TASK OBJECTIVE —
Quote the whole listing exactly. Leave the pictures out of your copy.

PROVIDED MATERIAL —
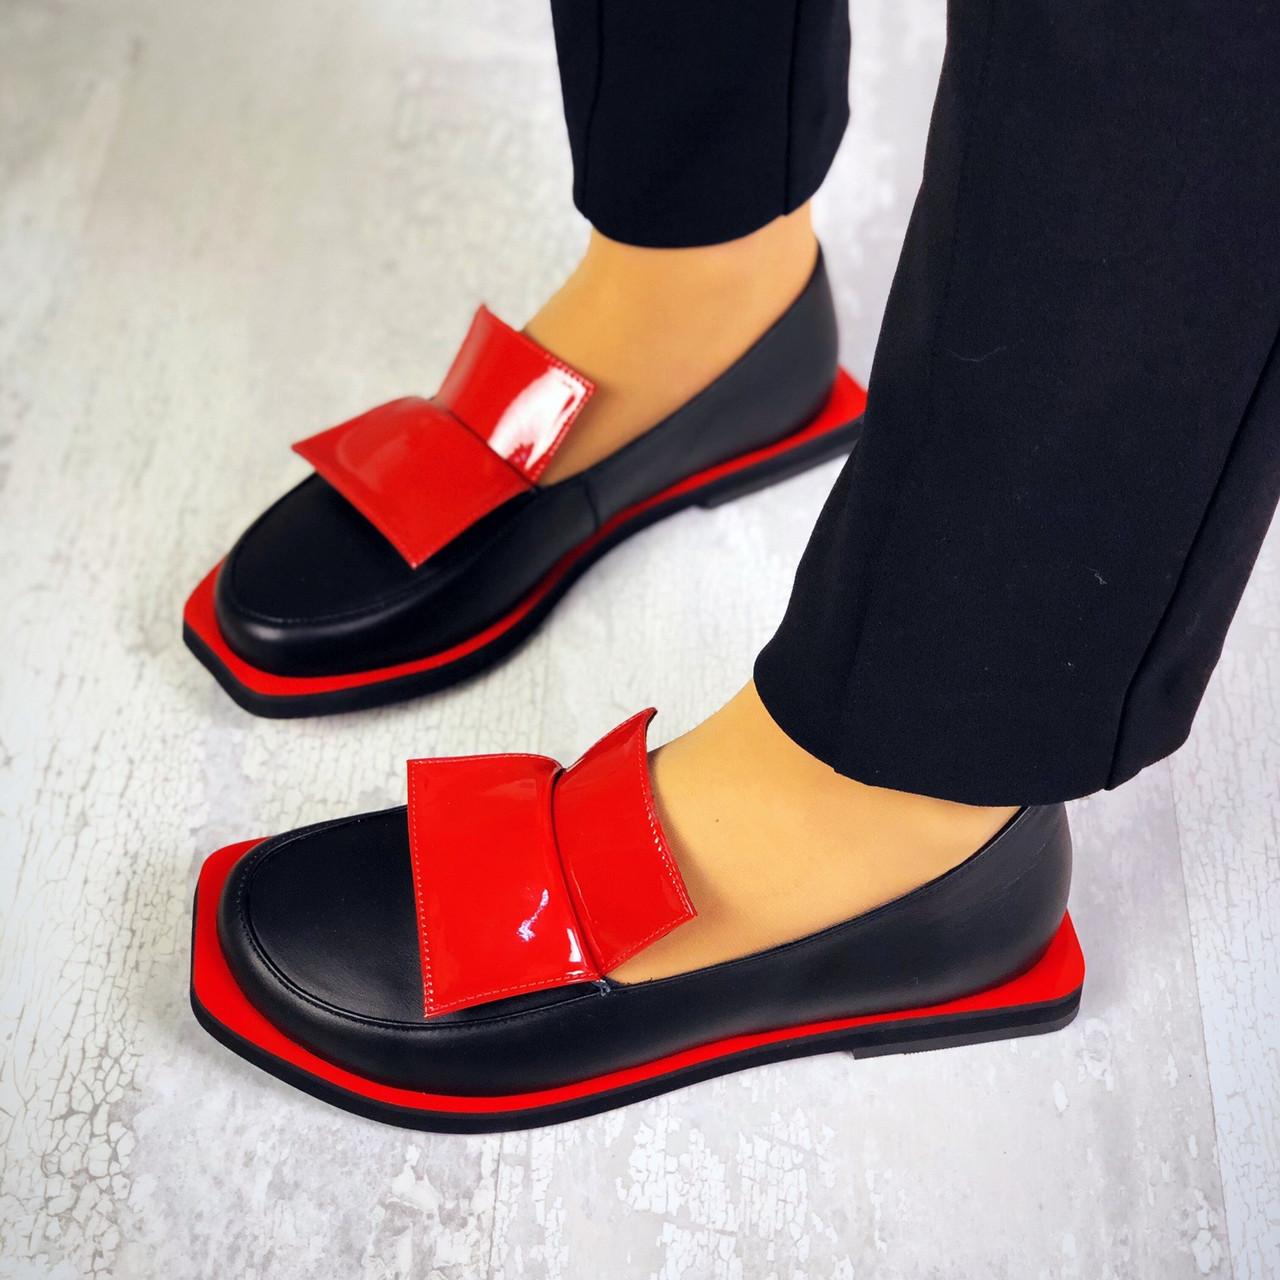 Модные туфли из натуральной кожи 36-40 р чёрный+красный
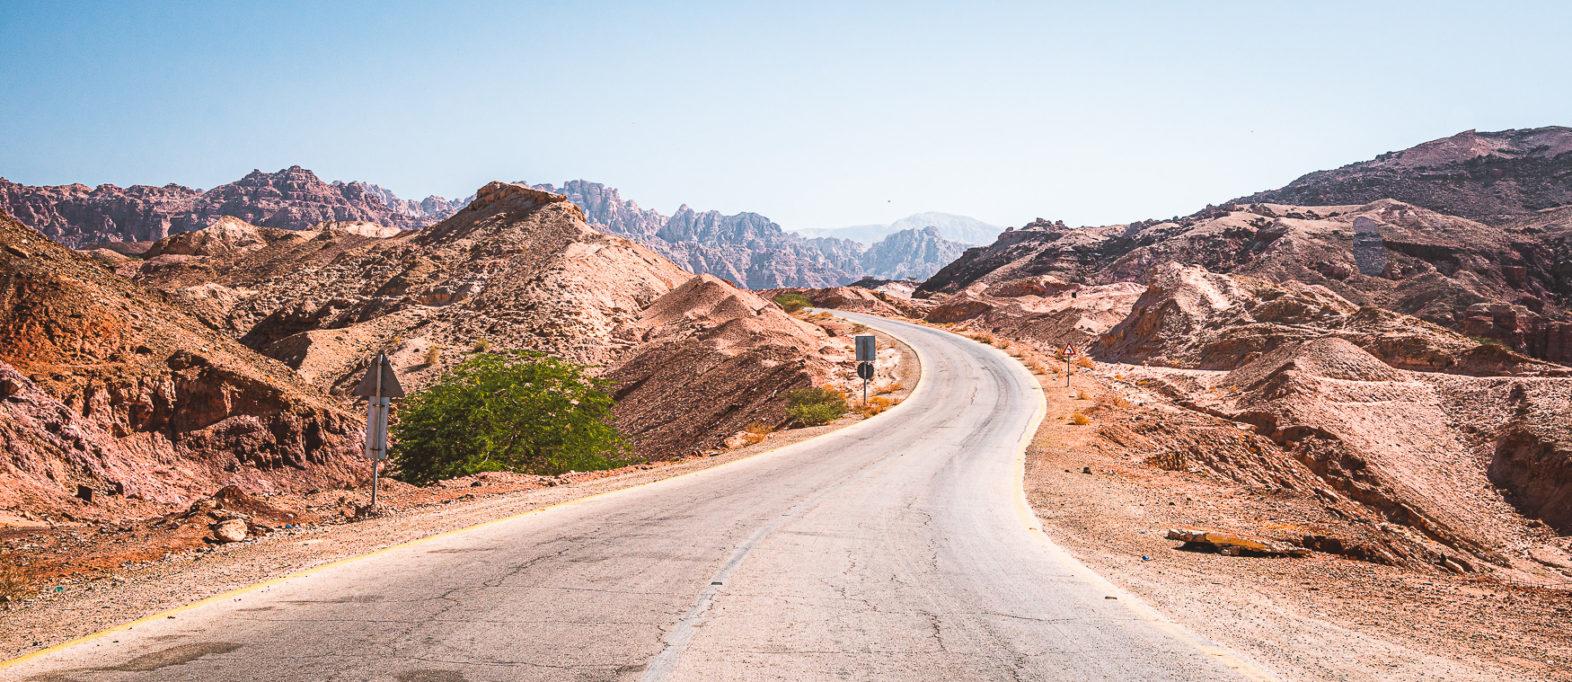 1 Woche Roadtrip in Jordanien –  Sehenswürdigkeiten & Highlights
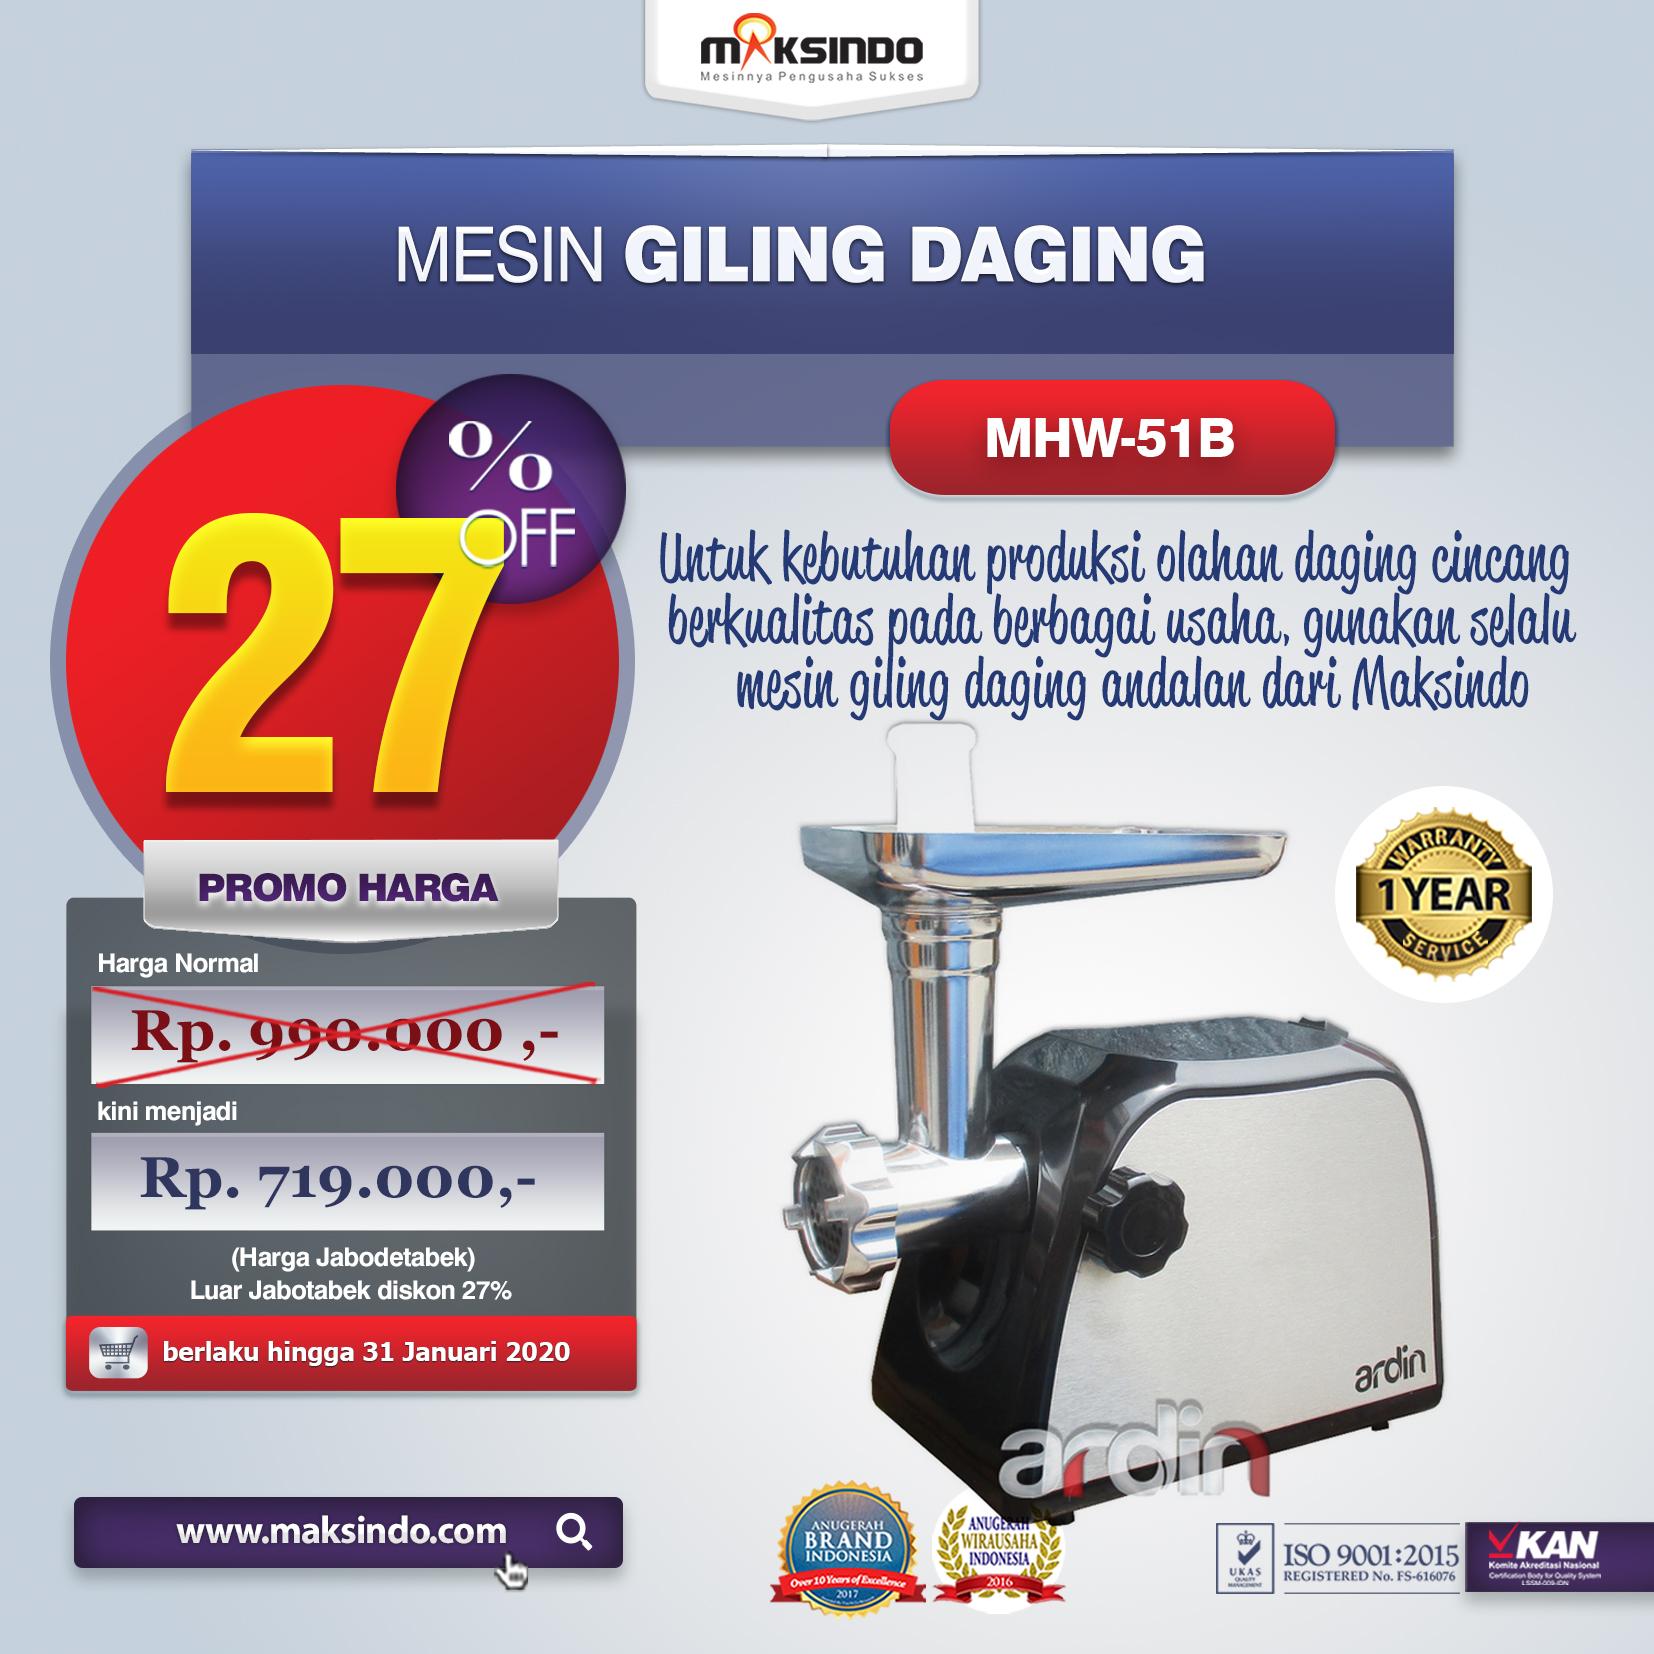 MHW G51B Mesin GILING DAGING
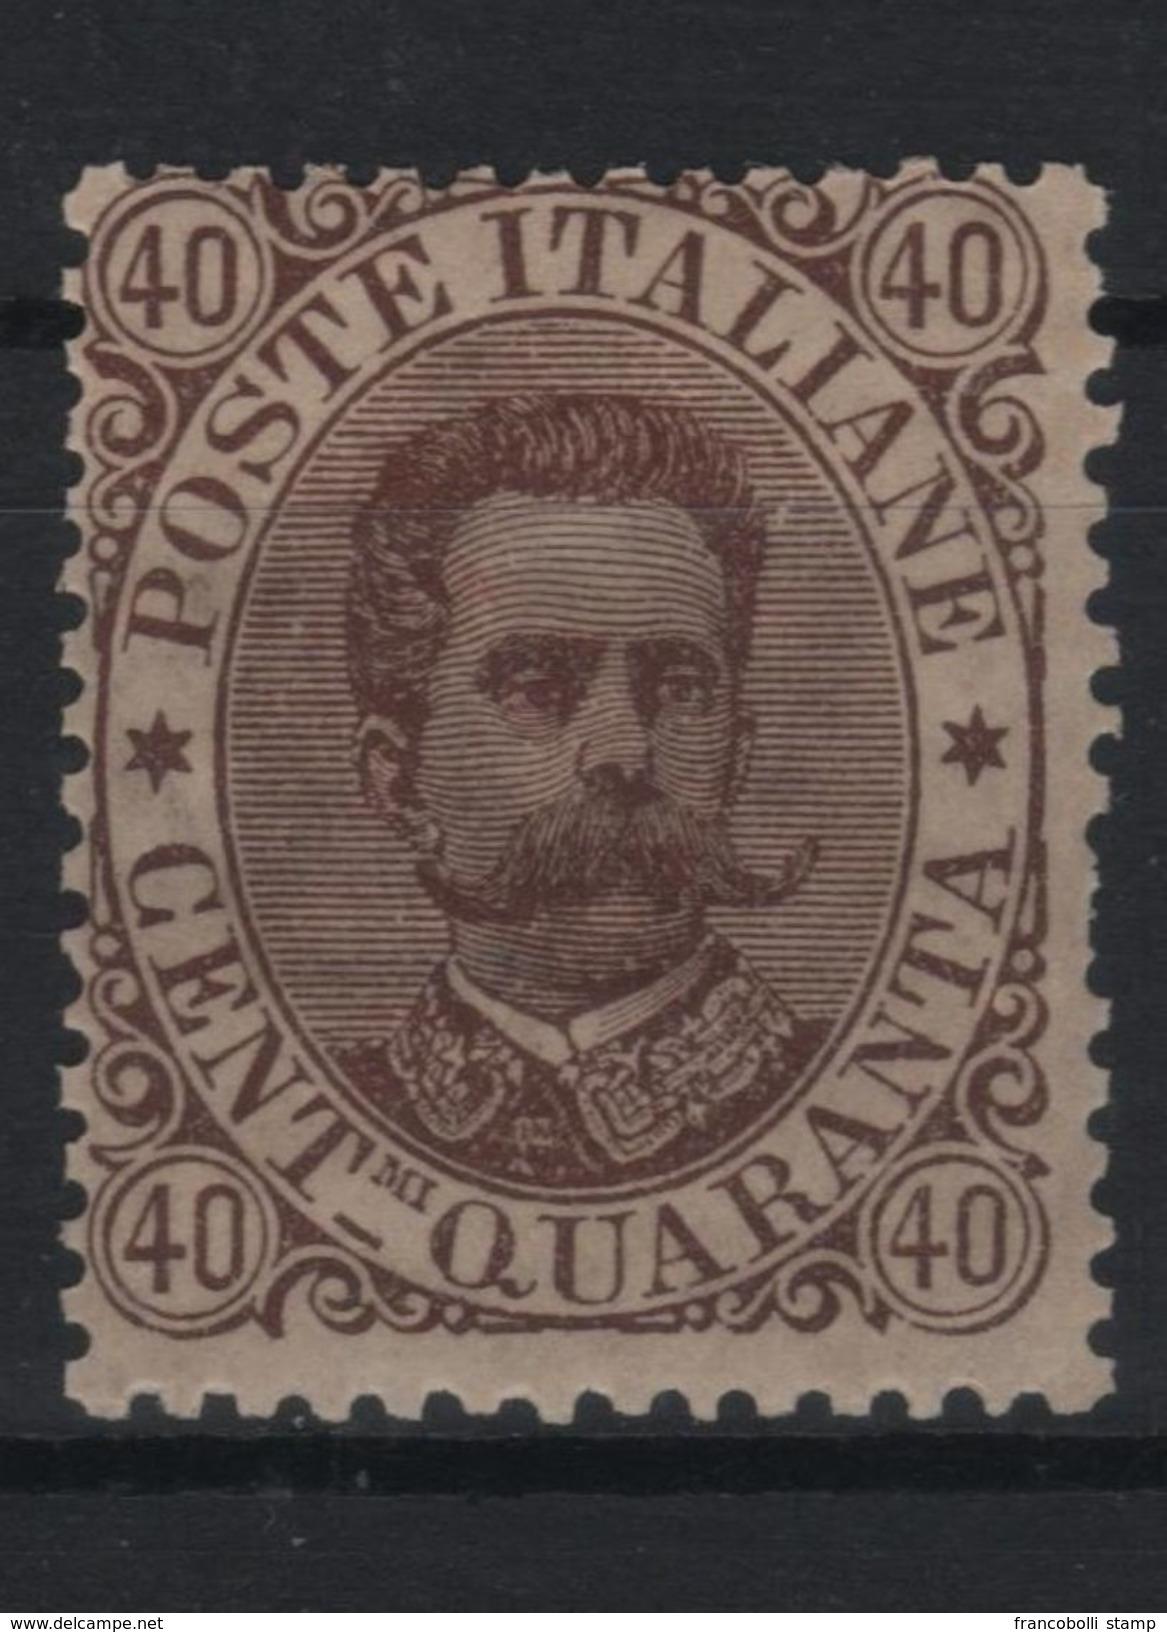 1889 Umberto I 40 C. MNH - Ungebraucht
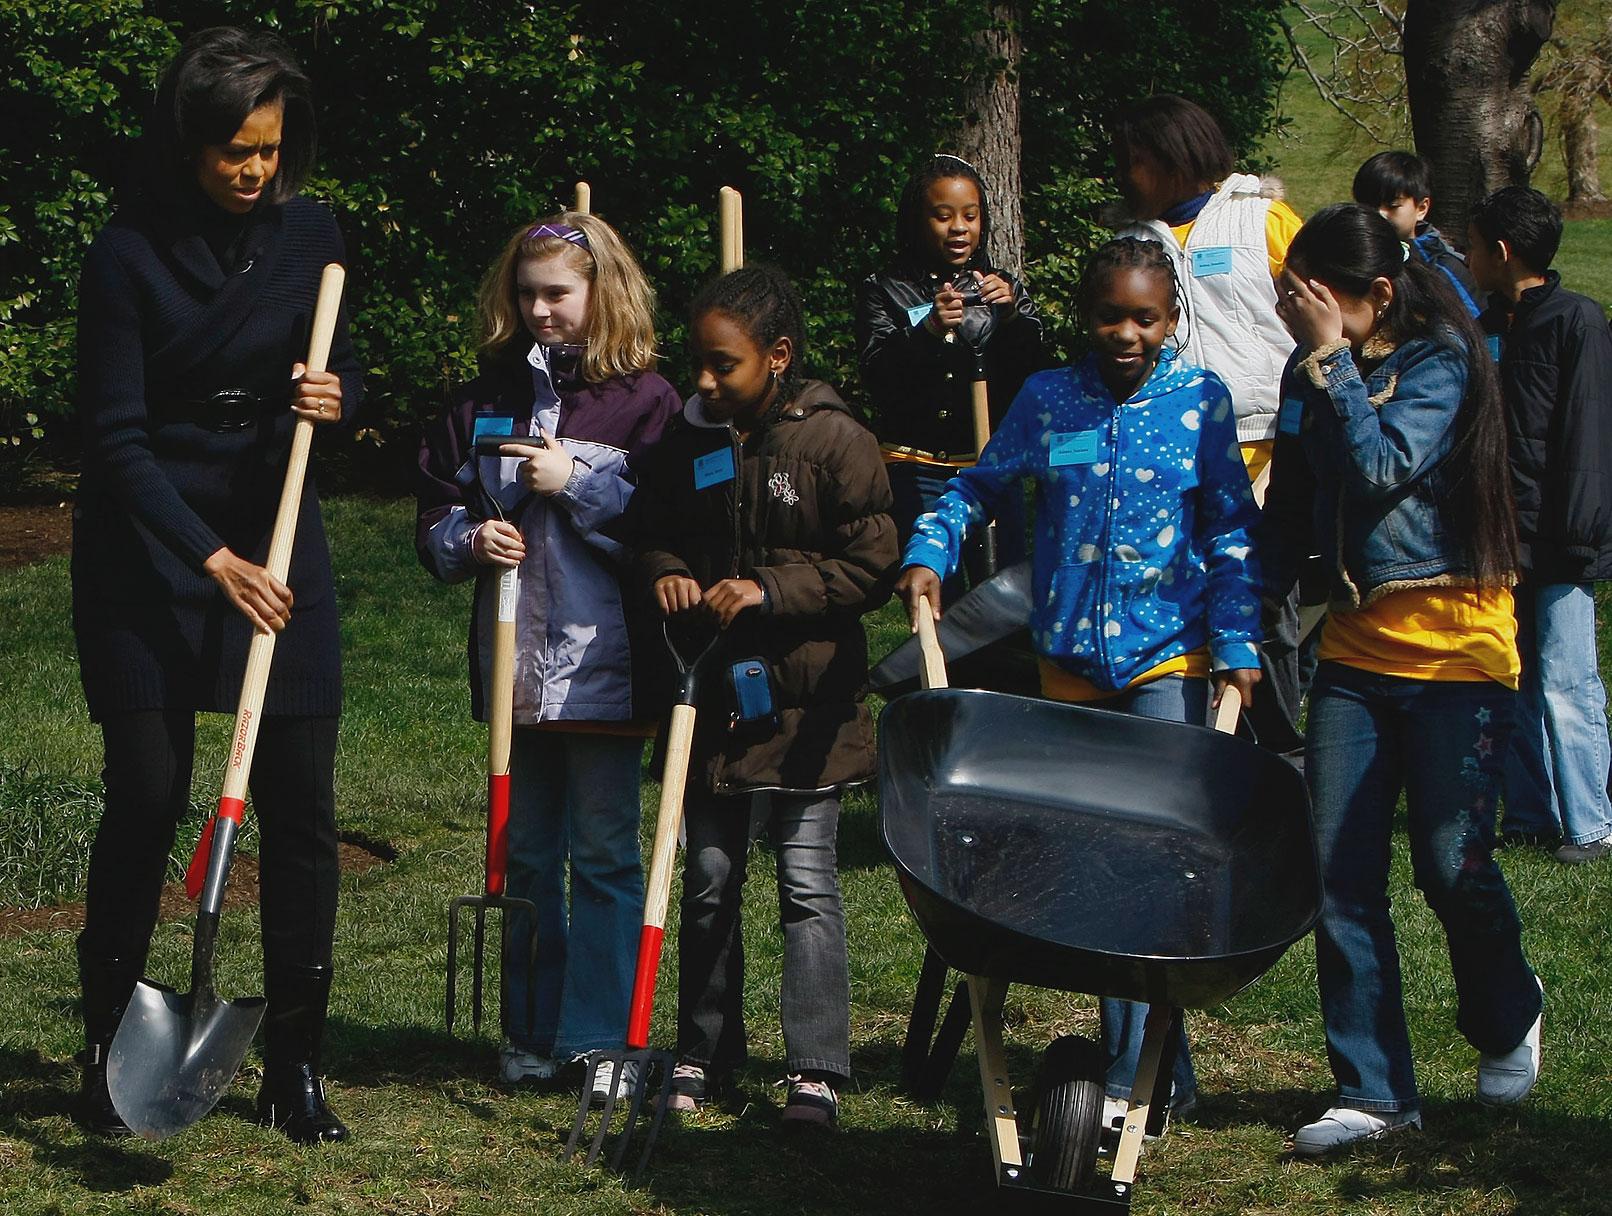 Michelle Obama's Groundbreaking Garden

RESPONSE TO THIS EXERCISE —
 Модные туфли из натуральной кожи 36-40 р чёрный+красный
 1 Woche Roadtrip in Jordanien –  Sehenswürdigkeiten & Highlights
 MHW G51B Mesin GILING DAGING
 1889 Umberto I 40 C. MNH - Ungebraucht
 Michelle Obama's Groundbreaking Garden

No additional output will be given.